Visual outline of the nf-core/multiplesequencealign pipeline (v1.1.1). First, optionally, the input files are characterized via a collection of summary statistics. Optionally, a guide tree is rendered. Then, the MSA is computed. Finally, various metrics can optionally be calculated to evaluate the tools’ performance. Eventually, these results are summarized in a visual form in MultiQC and a custom shiny app.
This pipeline is therefore a dual tool: (i) a versatile production pipeline allowing the processing of any dataset with a user-defined methodology and (ii) a benchmark allowing the systematic comparison of alternative MSA procedures and subsequent parameterization of an optimal production pipeline. These two alternative ways of deploying the pipeline are made possible by the toolsheet feature that defines which MSA procedures will be applied to each dataset.
The toolsheet enables parallel comparison of tools and parameters’ configurations
MSAs, like most bioinformatics tools, rely on complex parameter configurations.

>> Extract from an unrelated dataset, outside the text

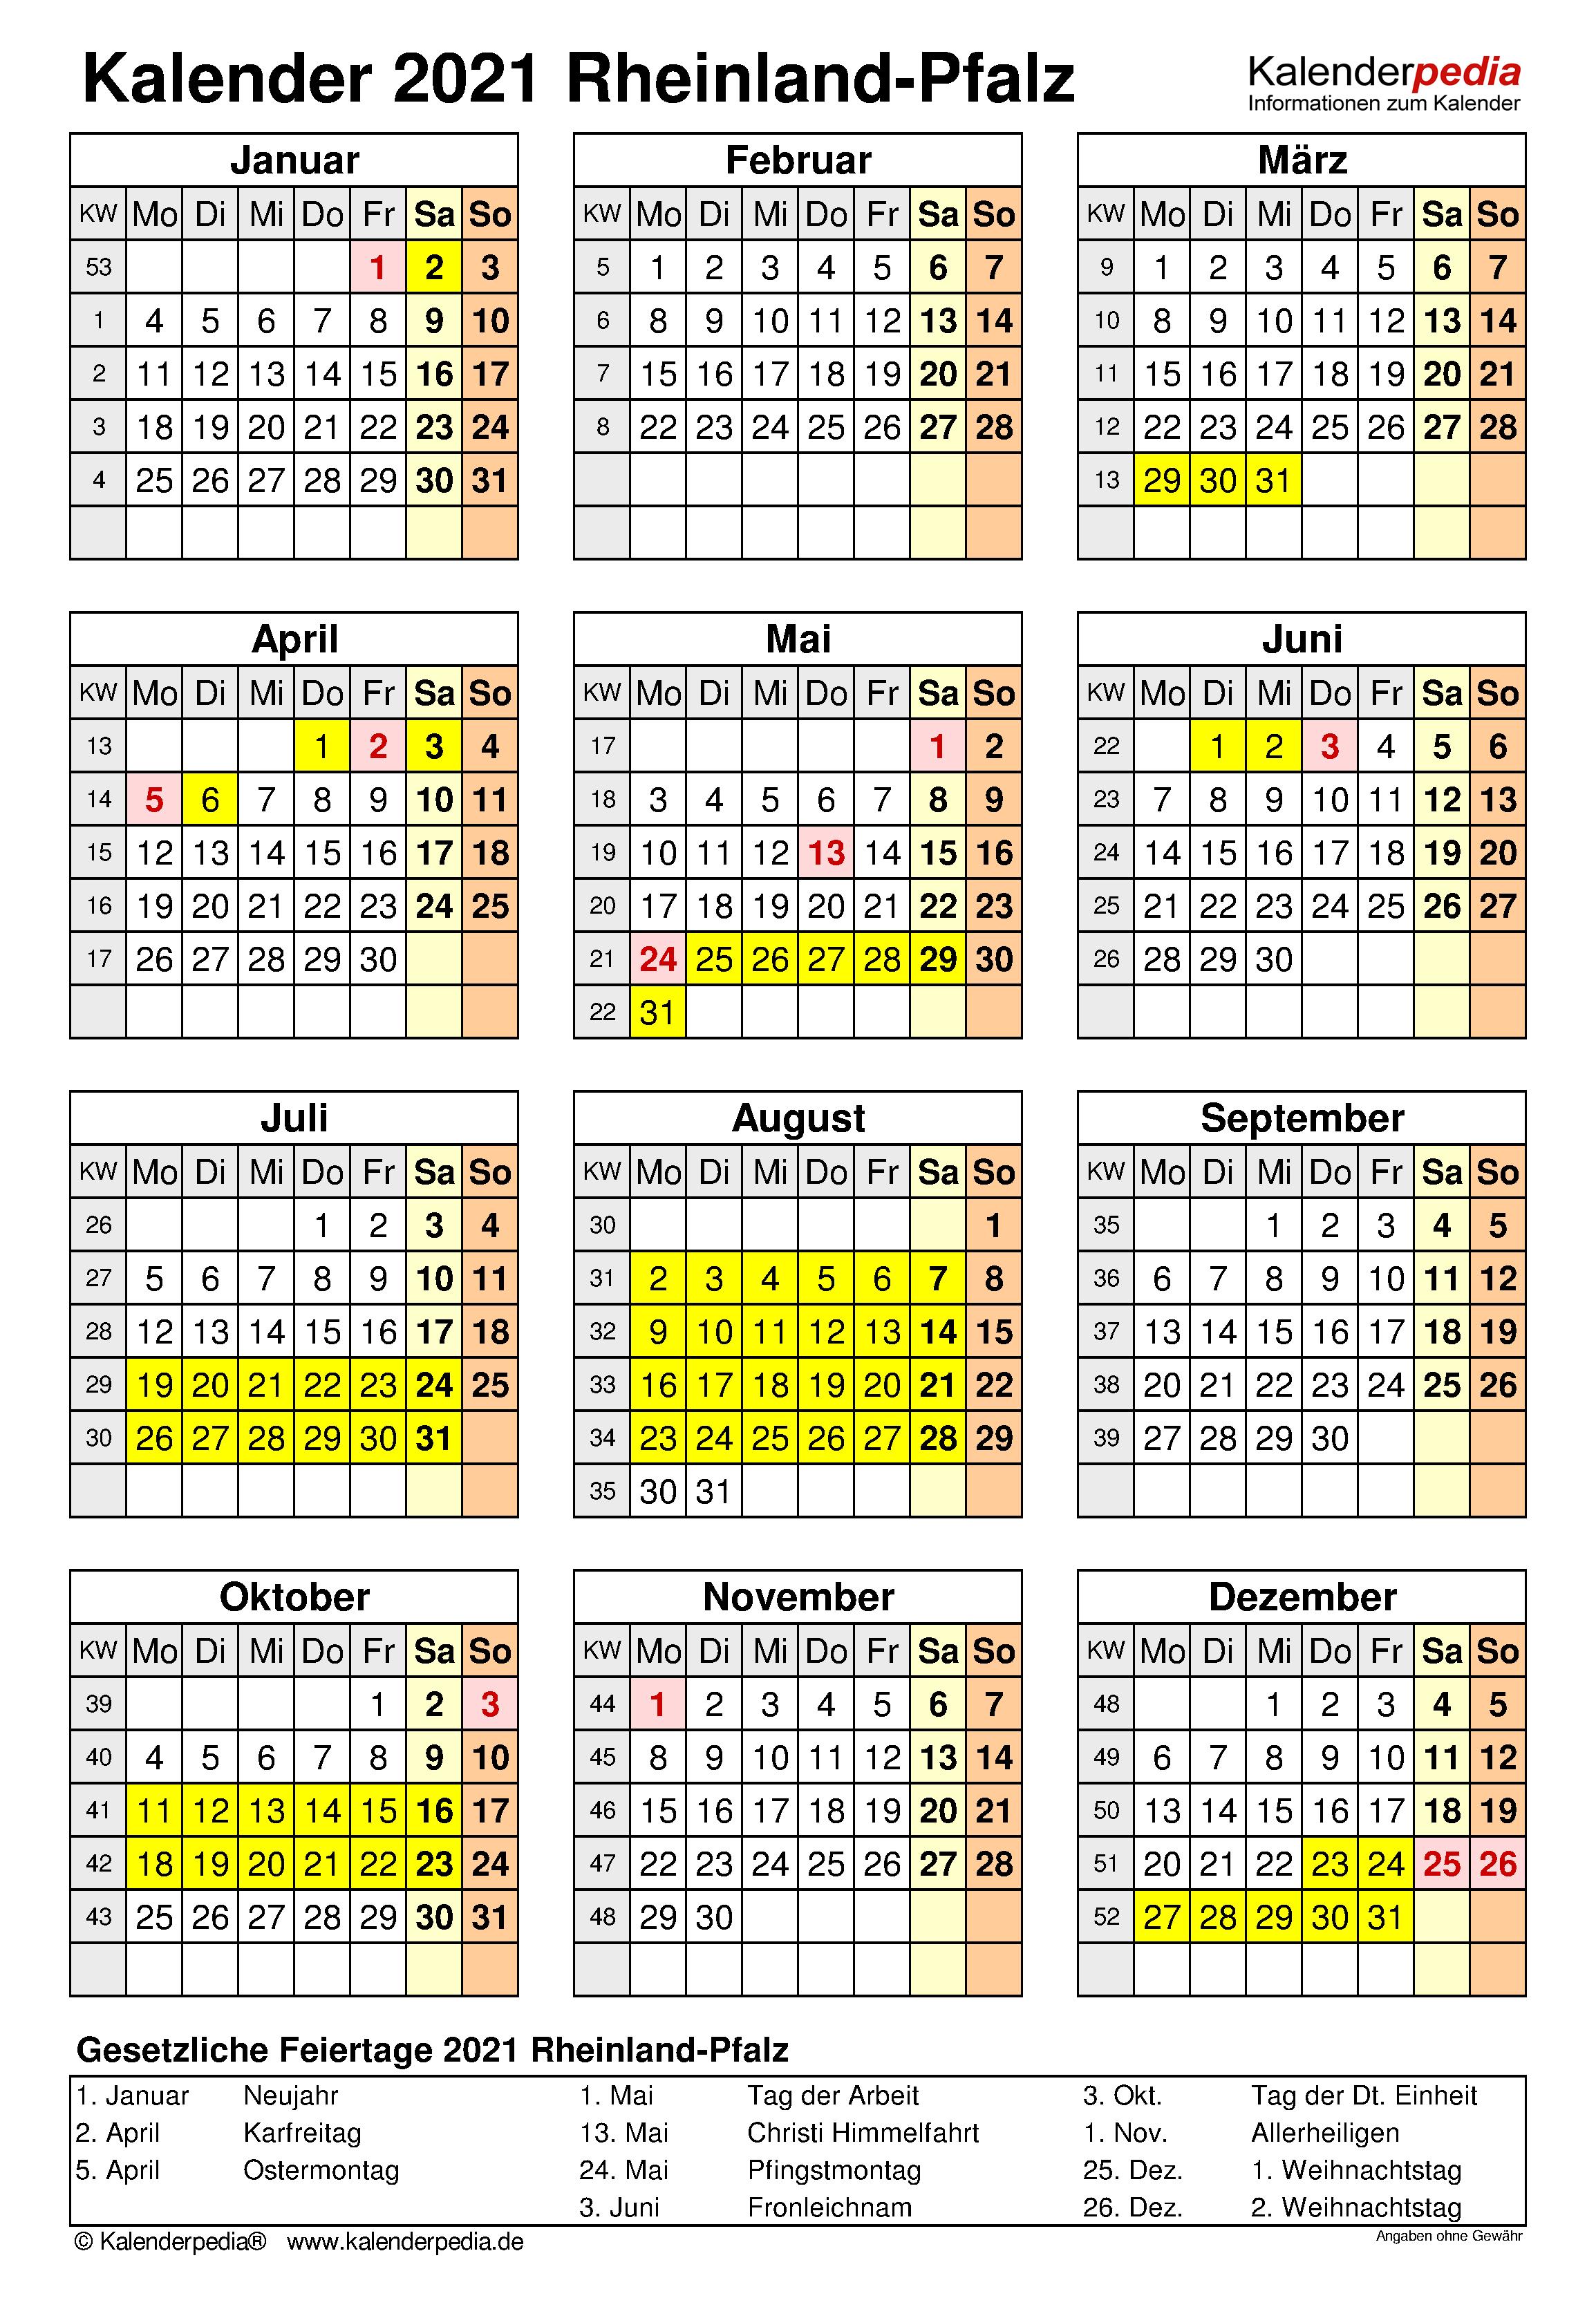 Kalender 2021 Rheinland-Pfalz: Ferien, Feiertage, Excel ...

Although all possible command line options are part of the same package, in practice, each unique combination of parameters may function as a distinct tool, and sometimes even deploy entirely different algorithms. For instance, in T-Coffee, the default algorithm uses the original consistency-based T-Coffee algorithm [34], while the -reg flag triggers a completely different large-scale alignment mode [32]. Other popular tools, such as MAFFT, support an even broader range of algorithms [29]. This complexity makes parameterization a feature as important to trace and maintain as the software name and version.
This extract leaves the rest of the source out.